The use of instant messaging has been increasing over time with addition of newer functionalities to IM in an effort to ease the pains of virtual communication. Enterprise products like IBM's Lotus Sametime [1] and Microsoft Communicator [2] are widely used in enterprises to achieve business communications. Even usage for end user IM products like Yahoo, AOL or Skype have increased in social circles as well as work. [3]

In this paper, we analyze IM usage patterns and identify applications of such trends and data in other areas. Our work provides the tools and baseline measurements to support the analysis of cross-cultural communications for coalition command processes. There are a few problems we encountered during performing IM usage analysis. IM usage data cannot be obtained from server logs because typical servers and service providers don’t expose this data. It requires users to share privacy sensitive chat transcripts or archives. Also, different users use different and often multiple IM clients and the format of each archive is different and sometimes stored encrypted, hence, making it infeasible to analyze.

The initial approach we adopted was to analyze client side chat (IM conversations) logs from Microsoft's MSN Messenger [4]. But not many MSN users were willing to share their chat transcripts.  In order to have unbiased analysis from real data it was crucial that the users continue to use their instant messaging clients as they would normally do without going out of their way to alter their behavior for this study. Hence, we decided to switch to study IM usage behavior using the logs from corporate chat client IBM Sametime 7.5. We plan to make chat-analyzer program for MSN messenger available in public domain so that users who are interested in running it against their MSN chat transcripts can do so and send us the results.

The chat analyzer program written for Sametime only gathers non-privacy sensitive data pertaining to IM usage pattern for each user such as:

·        Per day distribution of total chat with each buddy in contact list;

·        Percentage of time a user chats with each individual buddy;

·        Amount of time a user spends with a buddy per day;

·        Per buddy distribution of total chat each day;

·        Typical length of conversations.

Background

Traditionally, the overall IM volume is used to do server capacity planning. There was no emphasis on the IM usage pattern of clients. As described above, with more clients requiring real time presence updates, due to increased usage of IM from context introduced because of presence, analyzing the pattern helps to automatically adjust presence notification rate. Some other usages can fall in the area of social networking.

There are multiple types of analysis from simple message frequency and number of message, type of data exchanged (URL, file transfers, emoticons) to complex linguistic analysis. This may in turn be used for determining the primary use of IM, trust level between users, and the social or work relationship dynamics.

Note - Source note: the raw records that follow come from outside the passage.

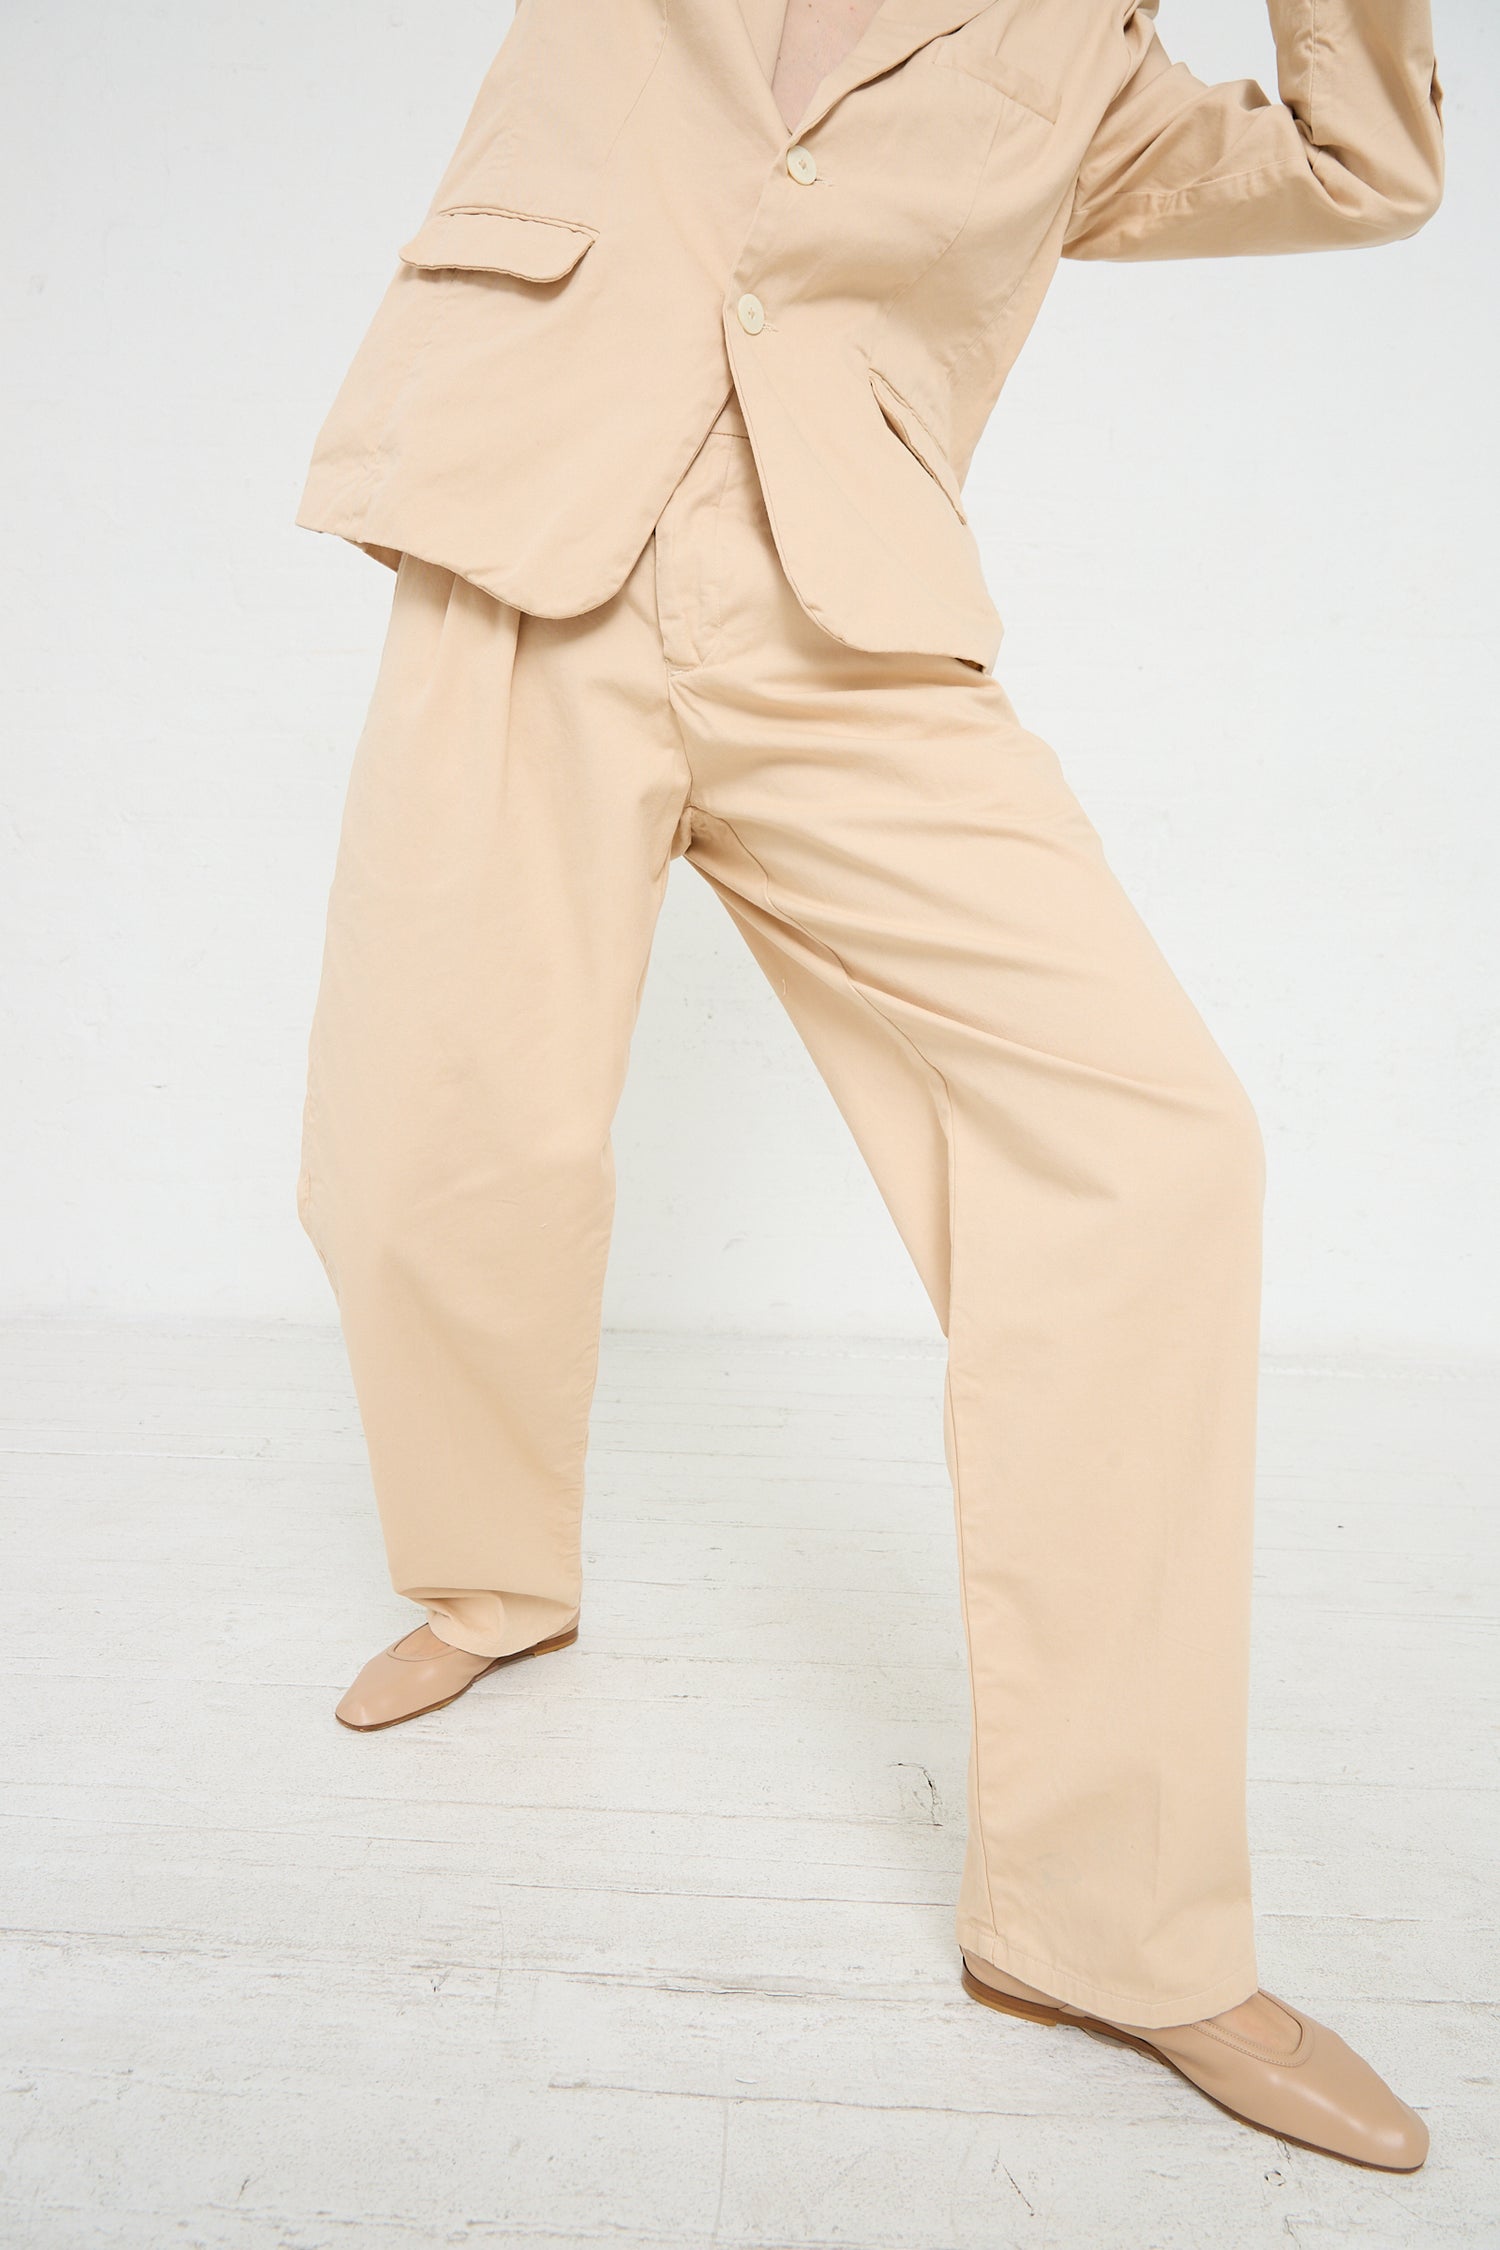 A woman in a tan suit is posing in front of a white wall, showcasing her Jesse Kamm Trouser in Buff.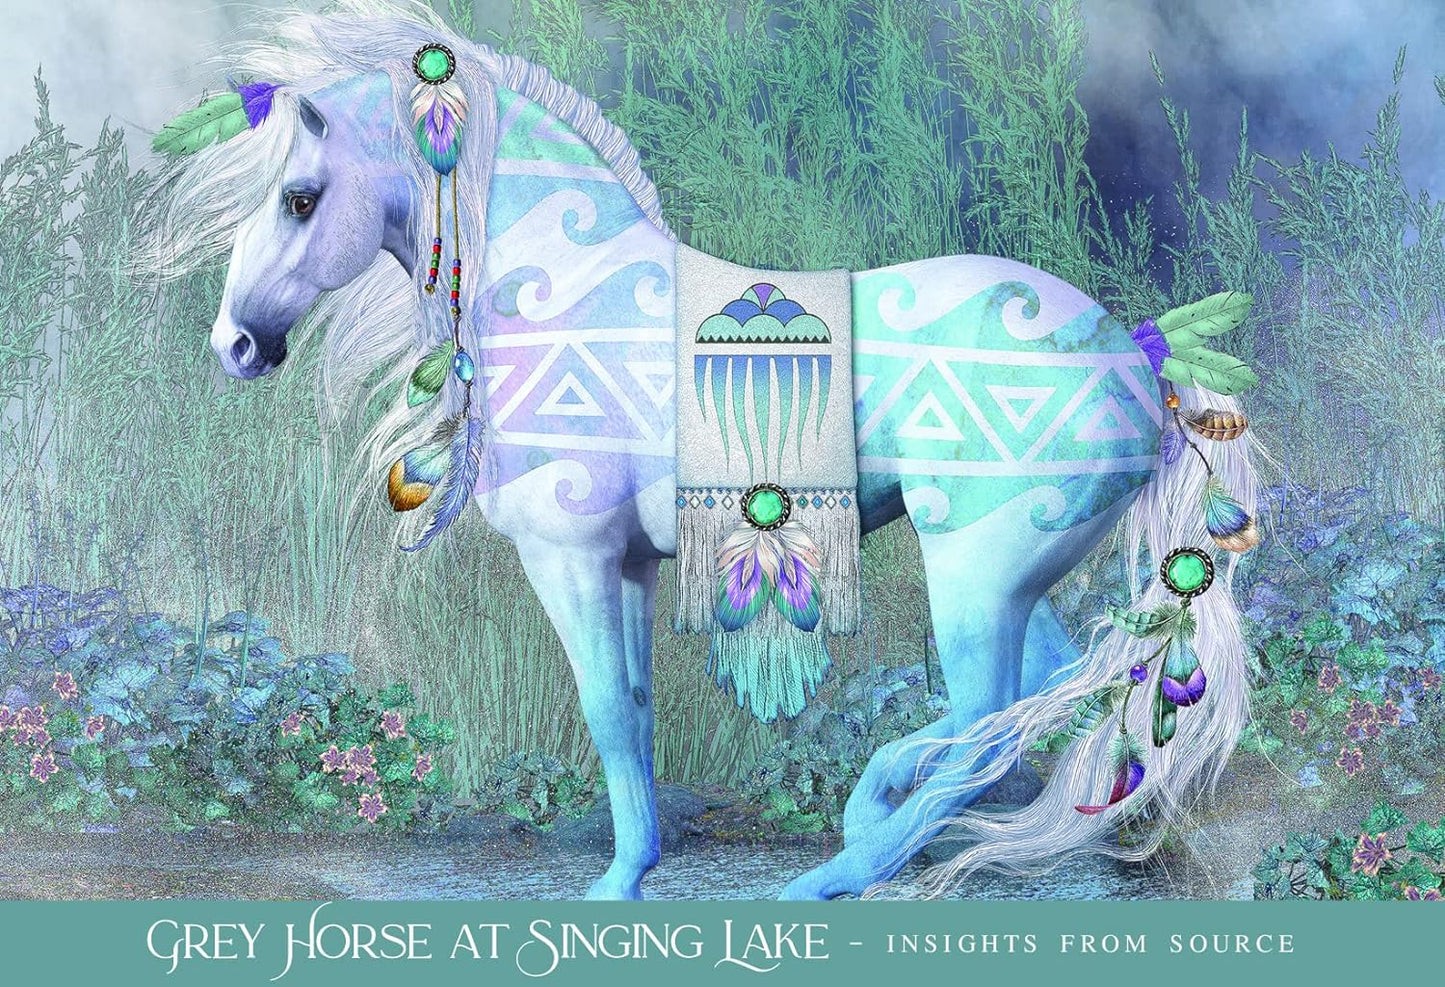 Oracle of the Sacred Horse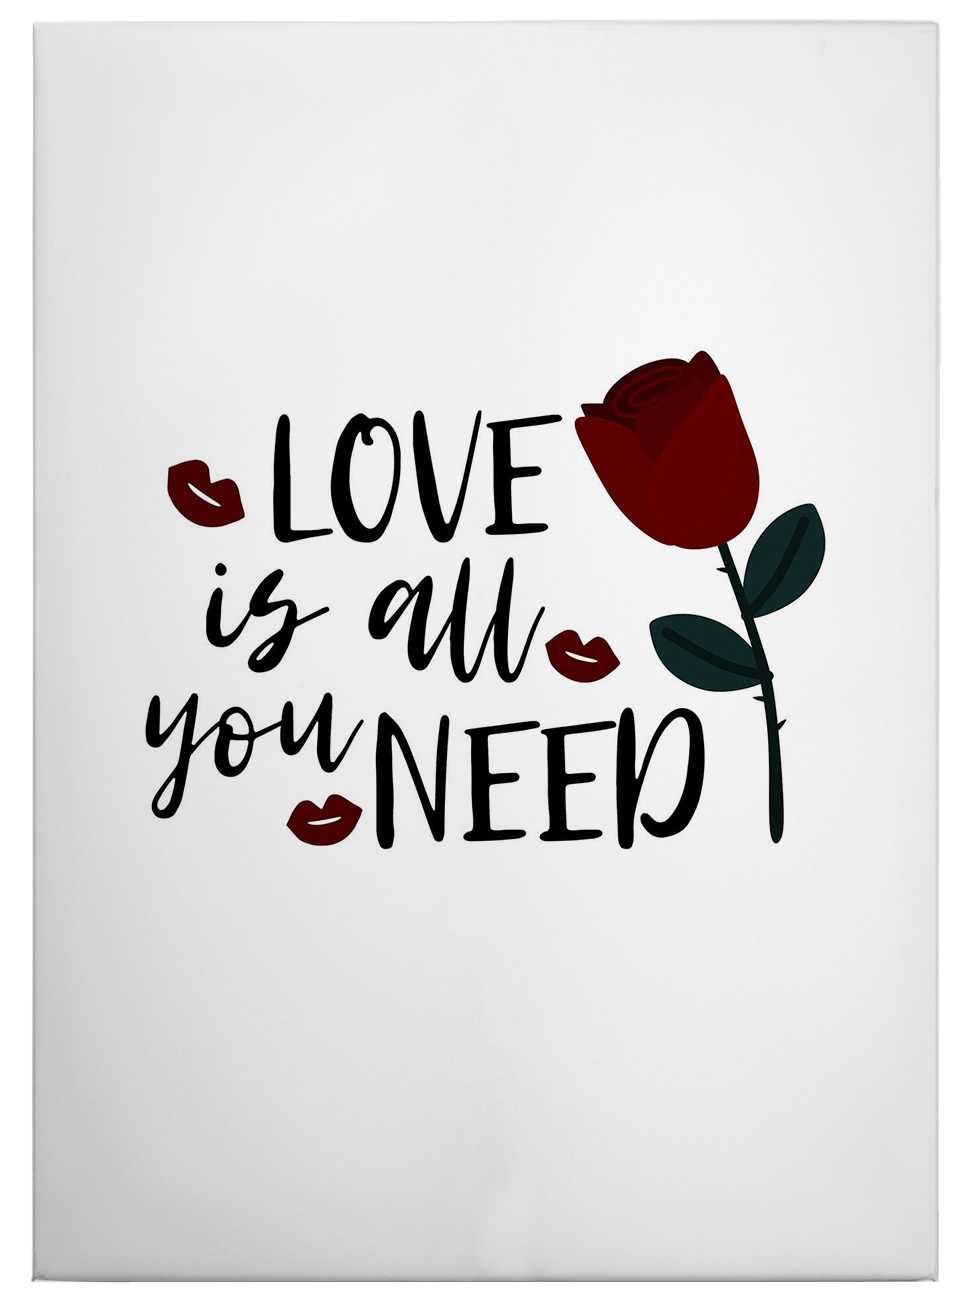             Tableau toile Proverbe love is all you need - 0,50 m x 0,70 m
        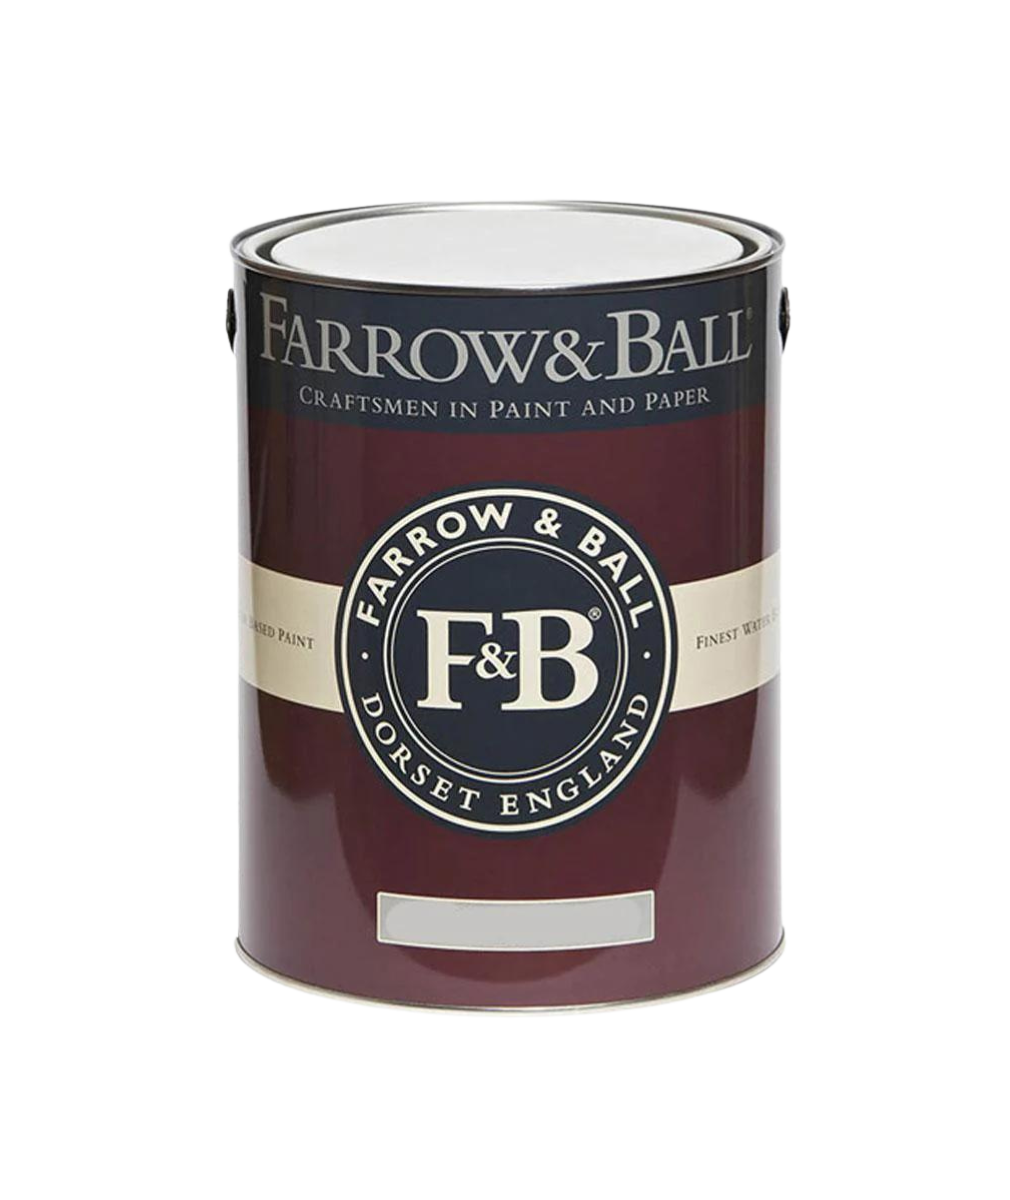 Farrow & Ball Interior Paint is available at Regal Paint Centers.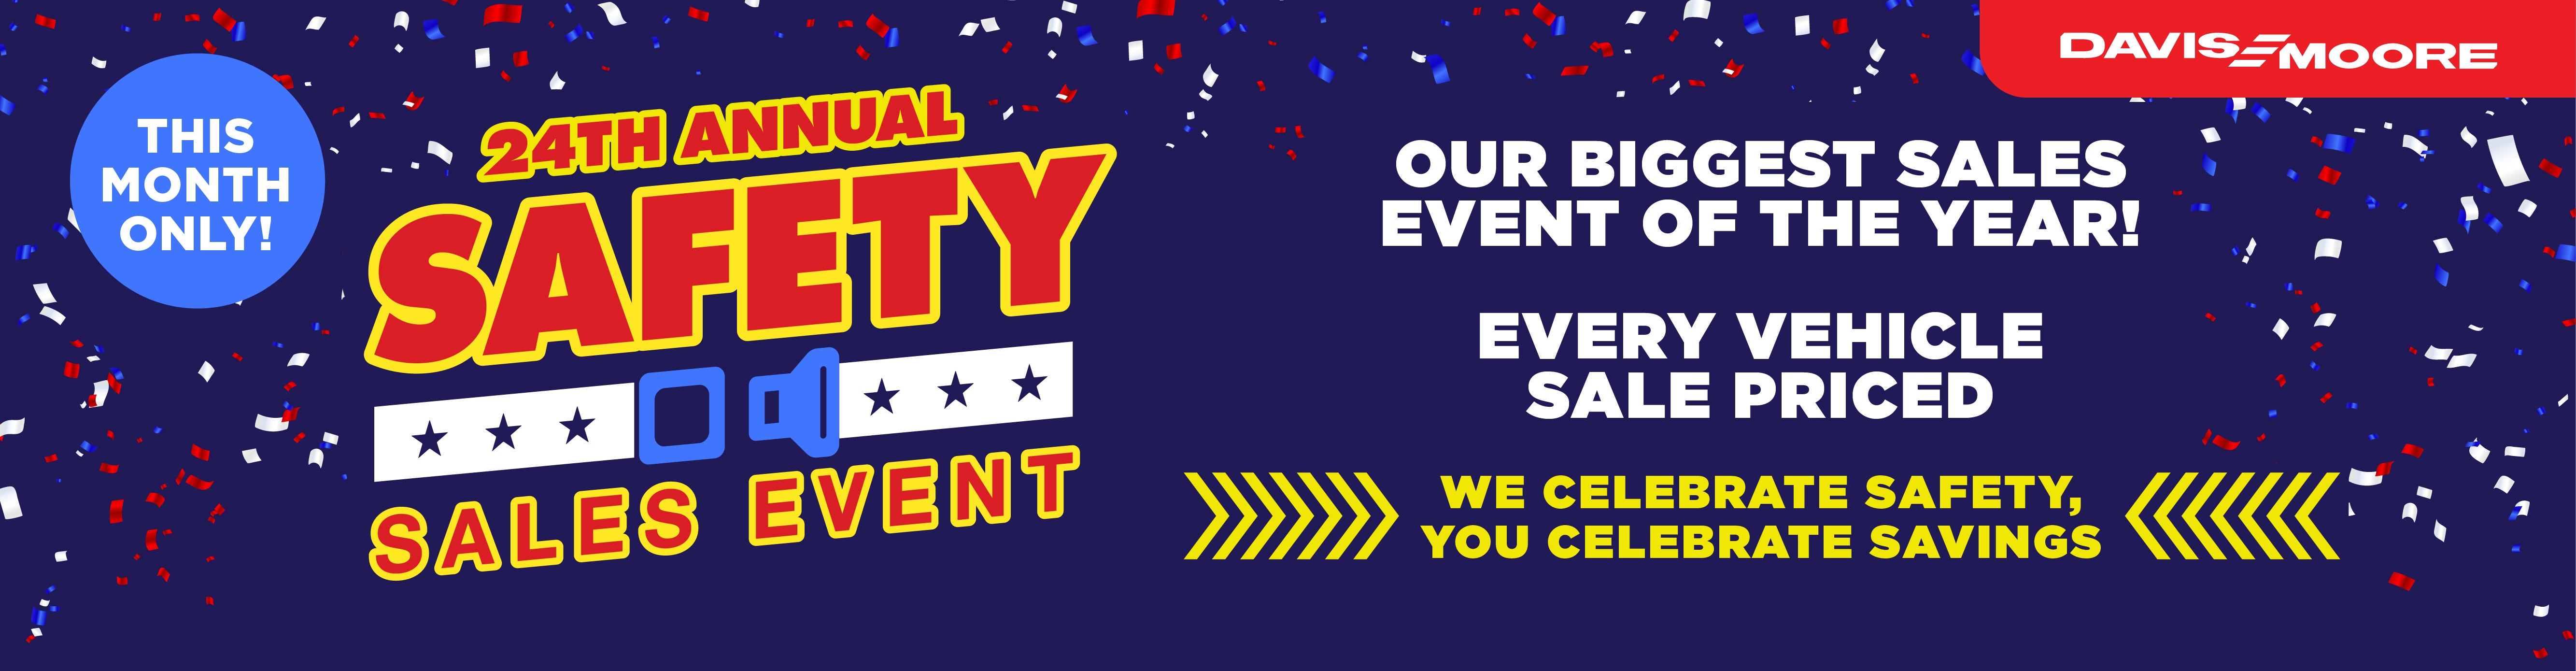 24TH ANNUAL SAFETY SALES EVENT

Such an analysis of IM usage patterns can be used to analyze trends in IM usage, to study if a user is using IM instead of e-mail or phone over a period of time and to determine if the usage of phone is decreasing with increased use of IM. Additionally, usage patterns in terms of number of messages and time spent over IM communication can be used for automatically adjusting presence subscription rate for user’s contacts [5].

 

Related Work

 

There has been some previous work in this area but none of them were focused on determining inter-user communication timings.  Muller et. al., [9] show analysis of IM usage with a large number of users but it is based on user self reports and surveys.  They studied maturity of IM network over a period of 24 months showing development of chat behaviors and social network as well as attitude. 

Another study by Herbsleb et. al, [7] describes experiences based on introducing instant messaging and group chat in geographically diverse work groups. In such environment, informal nature of communication and cross-site communication is perceived to reduce the utility of IM based communication.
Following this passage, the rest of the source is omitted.